One day, during his junior year, Verne spotted a “funny map” created by students at the University of Illinois. He approached his best friend and fellow aspiring artist, Ken Naatz. “[I said] ‘Kenny, we can make some money. Let’s do a map.’ What we did was on Thanksgiving, we went home. Ken was from Janesville and I was down at Princeton, so I went home and had my turkey and he went home and we agreed to come back on Friday. We met up on Saturday morning and went downtown and got a piece of posterboard. We set that down and – you didn’t have ballpoint pens or anything like that, so we used India ink and a very fine, what you call a quill point. It’s a metal point.”
Verne and Ken roamed around campus, drawing the outlines of each building. “You couldn’t draw the whole building in, ‘cause you don’t know, there might be a figure being superimposed on that, so as you’re drawing the figures, you were also starting to fill in what the building looked like. Then we kind of messed around deciding what kind of little people…they came out kind of like little worms, but then you could put a hat on ‘em or something.” Each artist took a different side, but it became a free-for-all as the ideas flowed.
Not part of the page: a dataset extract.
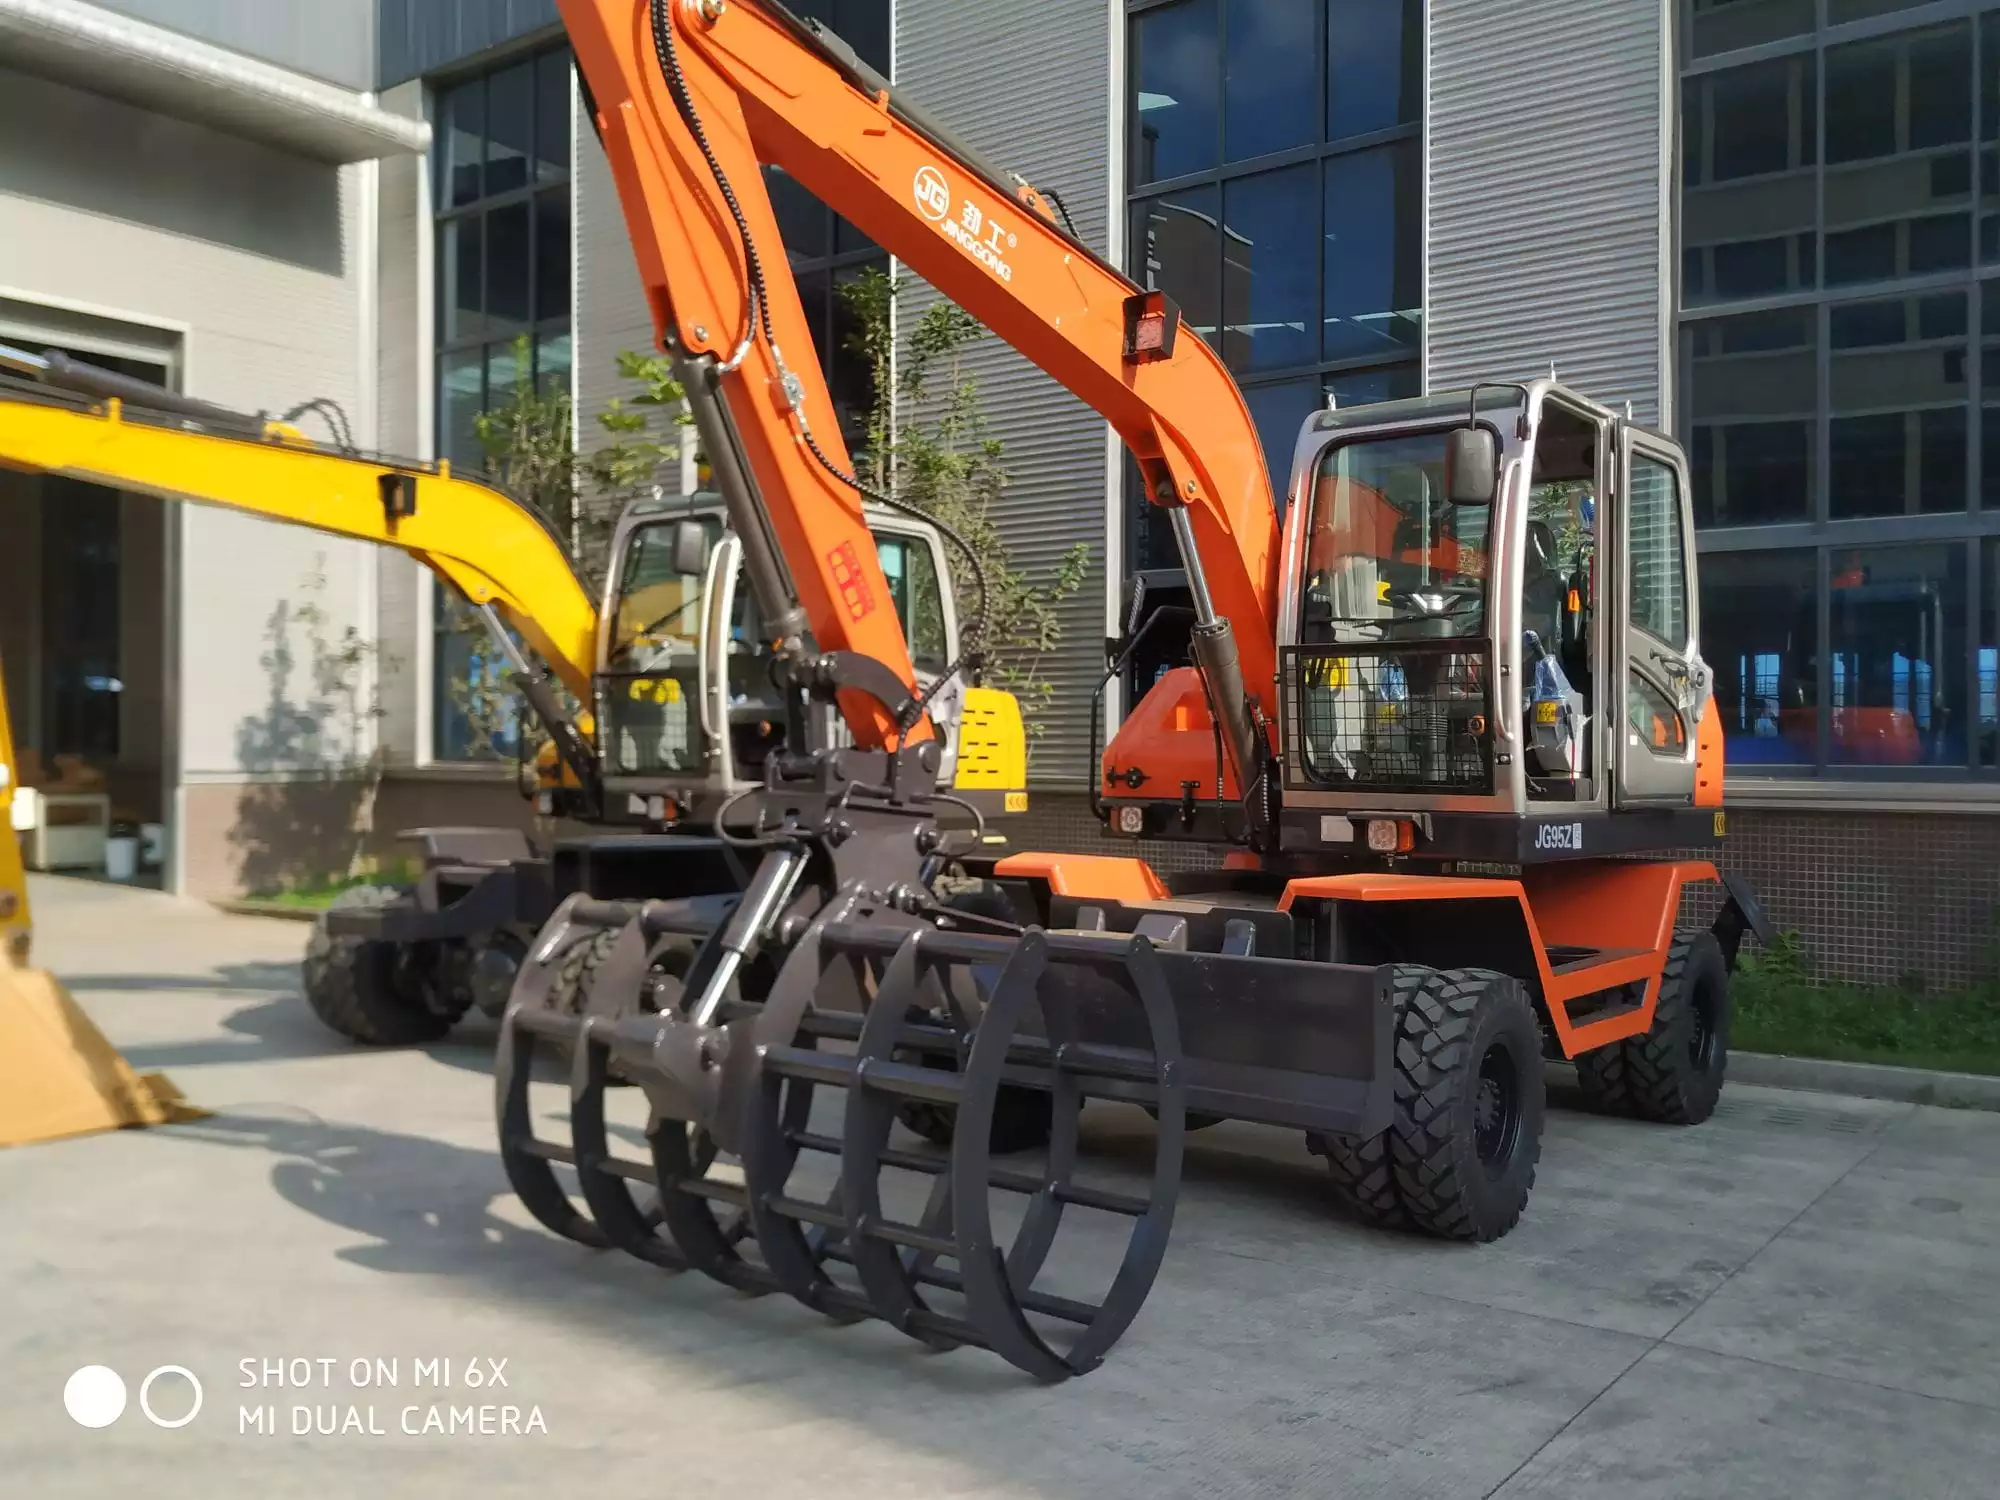 Wheeled Grab Digger Excavators with Bulldozer and Outstriger

Verne explained that, although they were compatible, he could easily tell who drew what. “He drew a bit thinner. My figures kind of expanded a little bit. He was a good artist, a good drawer, but we just had a different technique.”
The two human cyclones finished the map by Sunday afternoon, having worked on it for only a day and a half. “The very next day we went down to the Beloit Daily News. We had, I think, 500 printed, cost us a hundred-dollar bill.” At a time when Beloit College basketball fielded its famous “Bucket Brigade” basketball teams, which drew hundreds of fans, the budding entrepreneurs set up a folding card table at the Field House and sold the maps for 50 cents each at home games.
Eventually, the Beloit College Alumni Association reprinted the “zany” map and, in a stroke of fundraising genius, distributed it “for…amusement – and as a gentle reminder” to contribute to the annual Alumni Fund. They advertised it as “thought up and drawn by two Al Cappish undergrads. And now being uproariously appreciated by the schmoo – we mean students.” On the other side of the map, the college included a section entitled “What’s Beloit like now?” featuring excerpted drawings from the map, plus commentary. Most generations of Beloiters can identify with their observation about a vehicle near the front of the Morse-Ingersoll arch: “That beer truck speeding down College Street is artistic license. And anyway the Dean is about to fire his cannon and demolish it. Things haven’t changed THAT much.”
Today, a framed copy of the map occupies a place of pride on a wall in the Beloit College Archives Reading Room. Students and other visitors often spend a goodly amount of time staring at it, trying to decipher the many clever jokes and minute details of this classic example of Beloit inventiveness and spirit.